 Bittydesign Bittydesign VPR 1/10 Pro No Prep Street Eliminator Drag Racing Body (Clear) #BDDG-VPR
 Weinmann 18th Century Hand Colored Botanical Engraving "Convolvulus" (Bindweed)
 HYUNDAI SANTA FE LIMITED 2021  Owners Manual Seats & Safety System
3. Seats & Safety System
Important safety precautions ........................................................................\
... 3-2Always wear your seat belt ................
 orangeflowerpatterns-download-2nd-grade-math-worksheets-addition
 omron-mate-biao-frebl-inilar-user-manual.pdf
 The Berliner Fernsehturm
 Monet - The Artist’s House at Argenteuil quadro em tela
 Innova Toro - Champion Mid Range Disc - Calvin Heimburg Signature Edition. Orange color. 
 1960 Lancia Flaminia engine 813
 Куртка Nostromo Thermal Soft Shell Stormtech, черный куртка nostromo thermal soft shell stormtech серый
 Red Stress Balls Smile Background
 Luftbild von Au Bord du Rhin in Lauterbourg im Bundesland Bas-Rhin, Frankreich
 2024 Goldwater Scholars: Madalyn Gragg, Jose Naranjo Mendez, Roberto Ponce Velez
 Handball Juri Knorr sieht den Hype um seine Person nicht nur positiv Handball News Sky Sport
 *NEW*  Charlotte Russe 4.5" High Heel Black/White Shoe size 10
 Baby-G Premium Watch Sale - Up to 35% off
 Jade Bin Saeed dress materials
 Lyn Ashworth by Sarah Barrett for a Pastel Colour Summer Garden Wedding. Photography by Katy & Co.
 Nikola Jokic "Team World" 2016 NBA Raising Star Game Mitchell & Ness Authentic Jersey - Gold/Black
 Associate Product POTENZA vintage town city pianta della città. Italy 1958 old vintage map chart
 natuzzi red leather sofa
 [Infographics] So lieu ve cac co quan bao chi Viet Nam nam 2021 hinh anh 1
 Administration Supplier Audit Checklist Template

---------------

- **Exercise requirements**: What you write must match the records above line for line.

- **Task result**:
 Bittydesign Bittydesign VPR 1/10 Pro No Prep Street Eliminator Drag Racing Body (Clear) #BDDG-VPR
 Weinmann 18th Century Hand Colored Botanical Engraving "Convolvulus" (Bindweed)
 HYUNDAI SANTA FE LIMITED 2021  Owners Manual Seats & Safety System
3. Seats & Safety System
Important safety precautions ........................................................................\
... 3-2Always wear your seat belt ................
 orangeflowerpatterns-download-2nd-grade-math-worksheets-addition
 omron-mate-biao-frebl-inilar-user-manual.pdf
 The Berliner Fernsehturm
 Monet - The Artist’s House at Argenteuil quadro em tela
 Innova Toro - Champion Mid Range Disc - Calvin Heimburg Signature Edition. Orange color. 
 1960 Lancia Flaminia engine 813
 Куртка Nostromo Thermal Soft Shell Stormtech, черный куртка nostromo thermal soft shell stormtech серый
 Red Stress Balls Smile Background
 Luftbild von Au Bord du Rhin in Lauterbourg im Bundesland Bas-Rhin, Frankreich
 2024 Goldwater Scholars: Madalyn Gragg, Jose Naranjo Mendez, Roberto Ponce Velez
 Handball Juri Knorr sieht den Hype um seine Person nicht nur positiv Handball News Sky Sport
 *NEW*  Charlotte Russe 4.5" High Heel Black/White Shoe size 10
 Baby-G Premium Watch Sale - Up to 35% off
 Jade Bin Saeed dress materials
 Lyn Ashworth by Sarah Barrett for a Pastel Colour Summer Garden Wedding. Photography by Katy & Co.
 Nikola Jokic "Team World" 2016 NBA Raising Star Game Mitchell & Ness Authentic Jersey - Gold/Black
 Associate Product POTENZA vintage town city pianta della città. Italy 1958 old vintage map chart
 natuzzi red leather sofa
 [Infographics] So lieu ve cac co quan bao chi Viet Nam nam 2021 hinh anh 1
 Administration Supplier Audit Checklist Template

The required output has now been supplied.